◆ Dataset excerpt:

--- --- ---

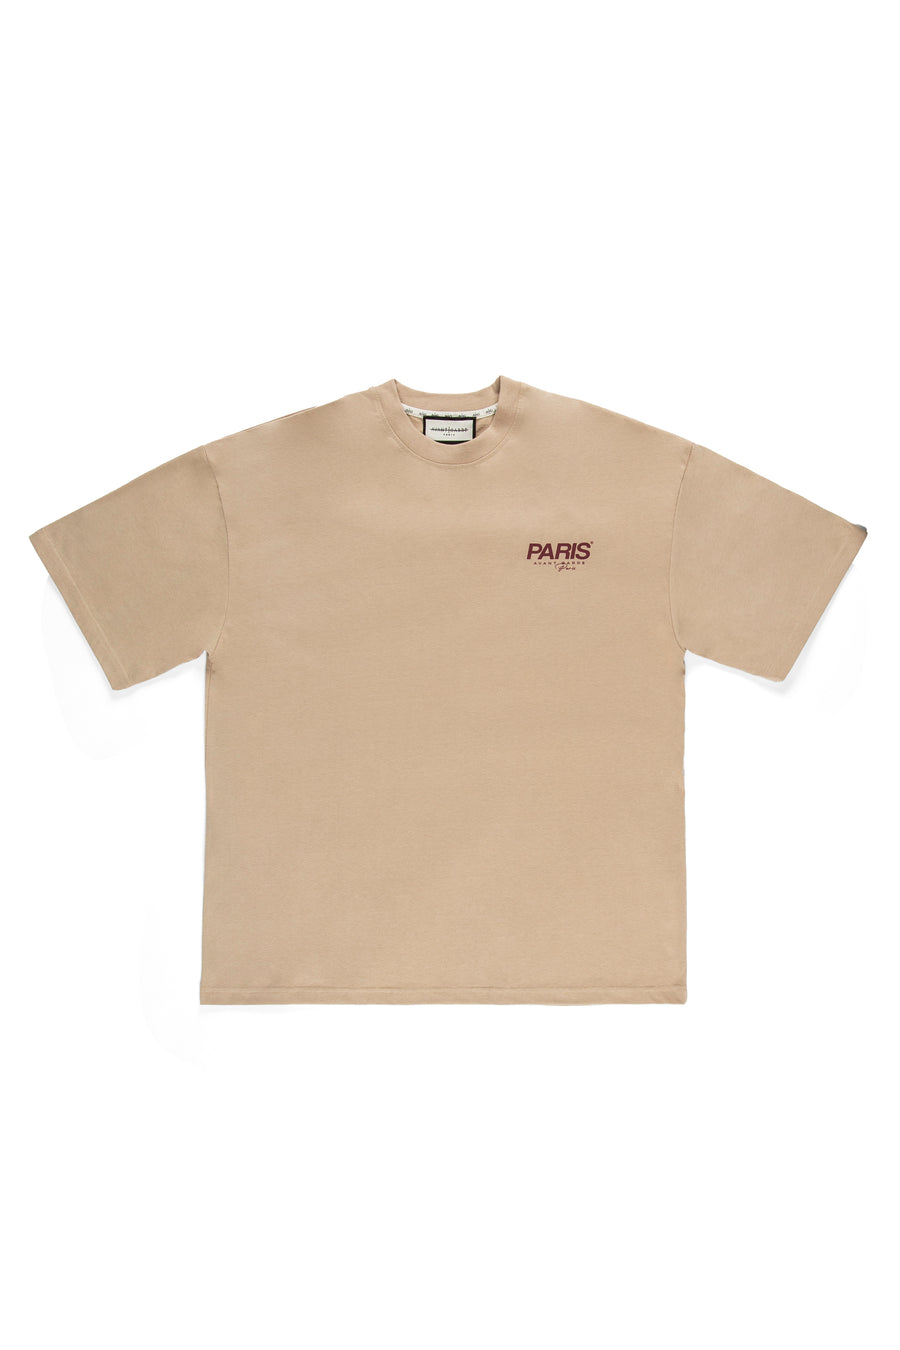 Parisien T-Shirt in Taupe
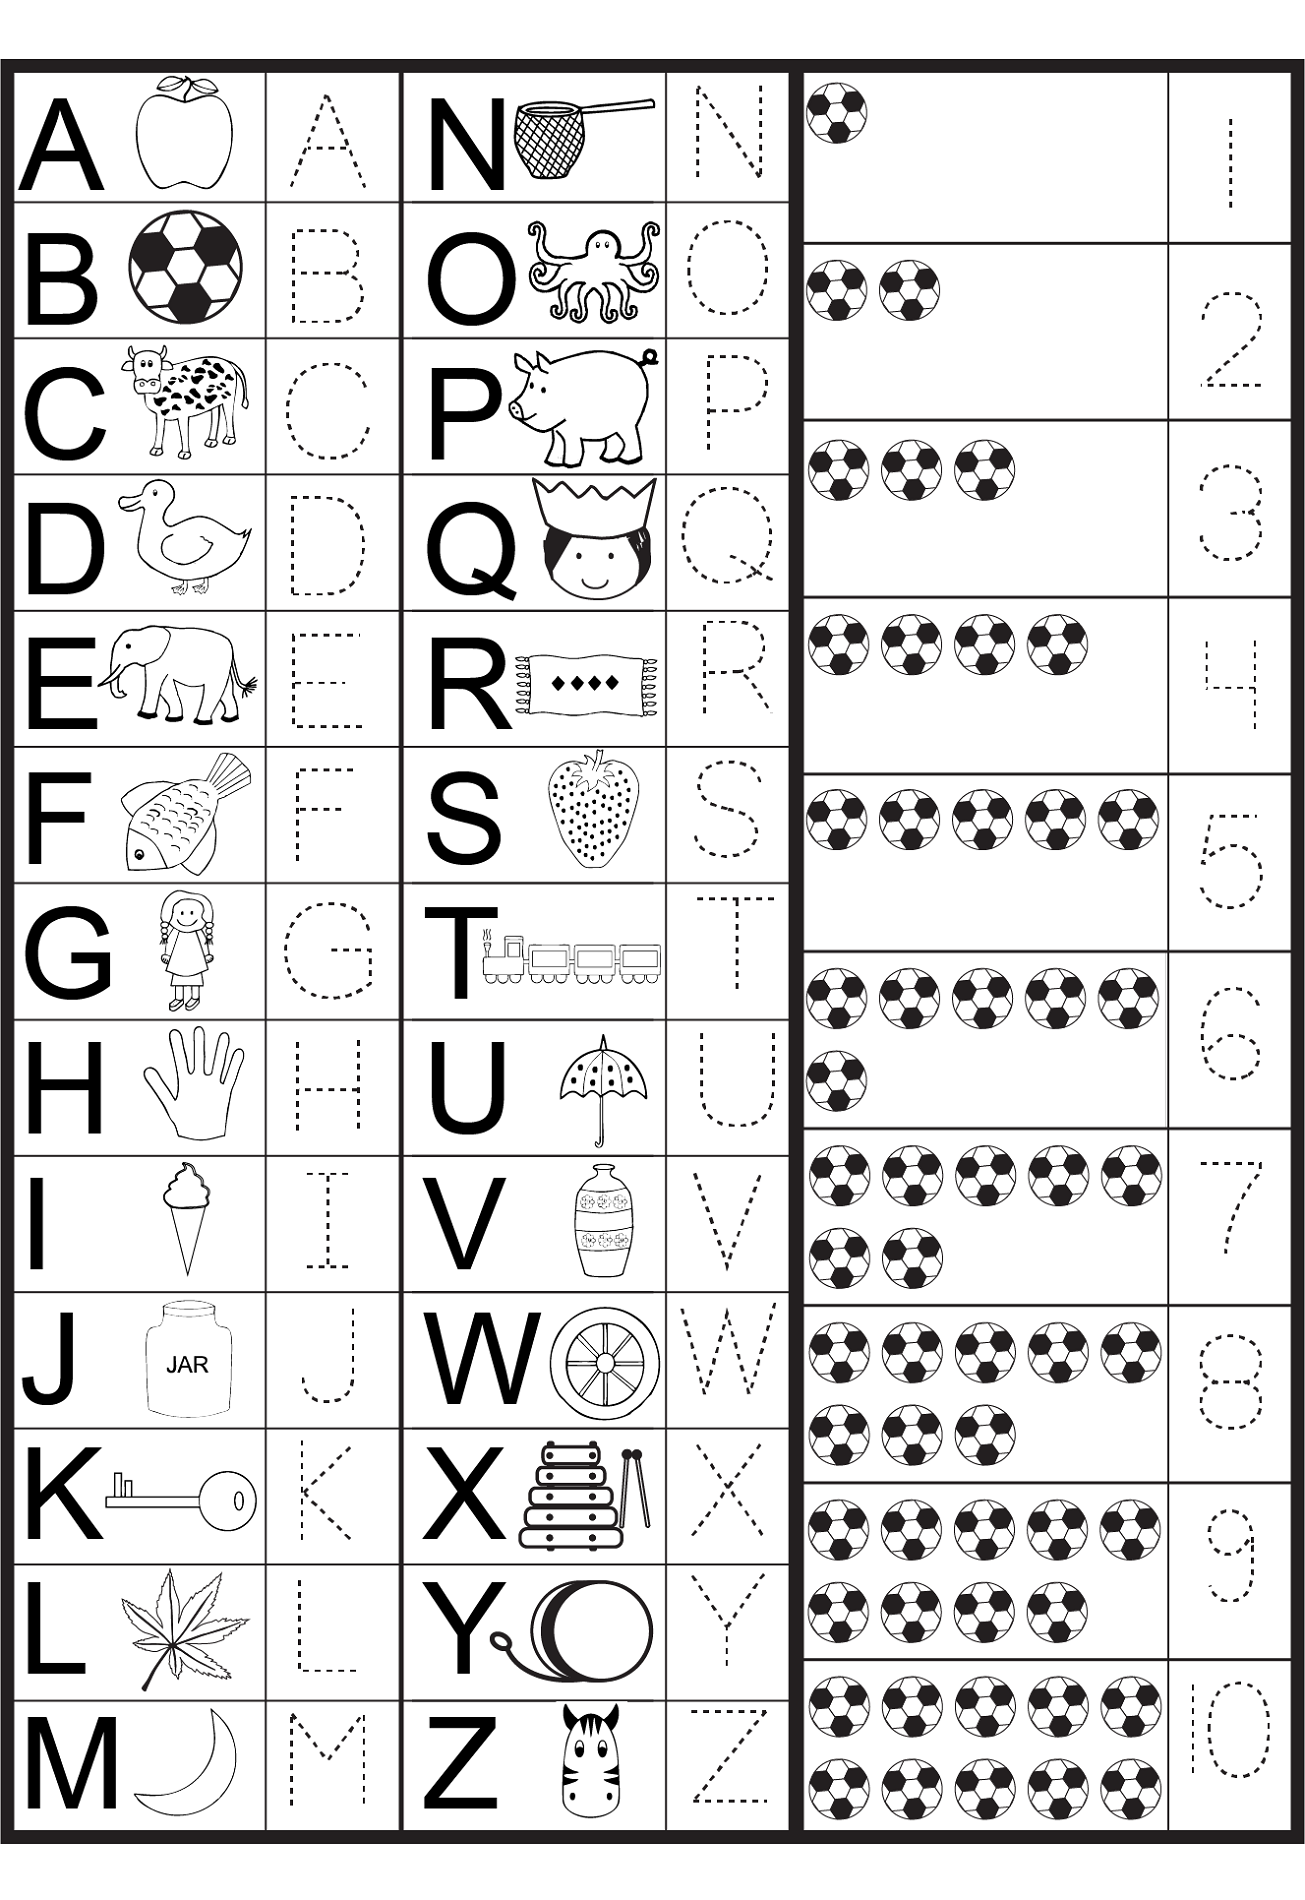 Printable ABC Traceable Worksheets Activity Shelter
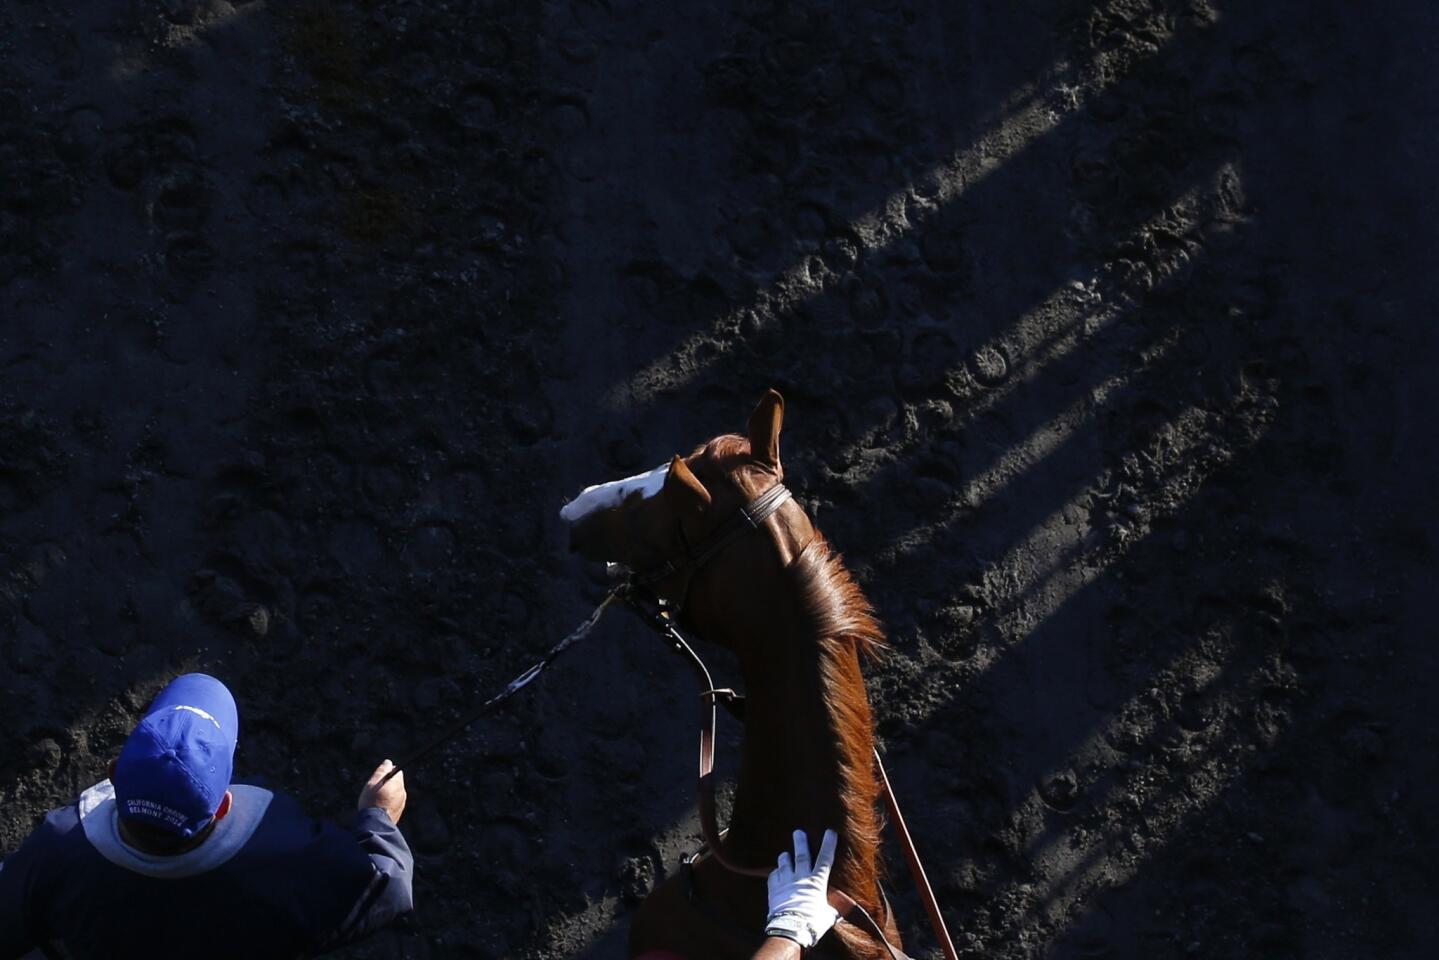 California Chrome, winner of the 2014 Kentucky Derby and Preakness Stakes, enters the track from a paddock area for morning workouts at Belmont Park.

--- --- ---

◆ Work item: Give back the material above exactly as written, but omit the images.

◆ Answer section:
 Parisien T-Shirt in Taupe
 Printable ABC Traceable Worksheets Activity Shelter
 California Chrome, winner of the 2014 Kentucky Derby and Preakness Stakes, enters the track from a paddock area for morning workouts at Belmont Park.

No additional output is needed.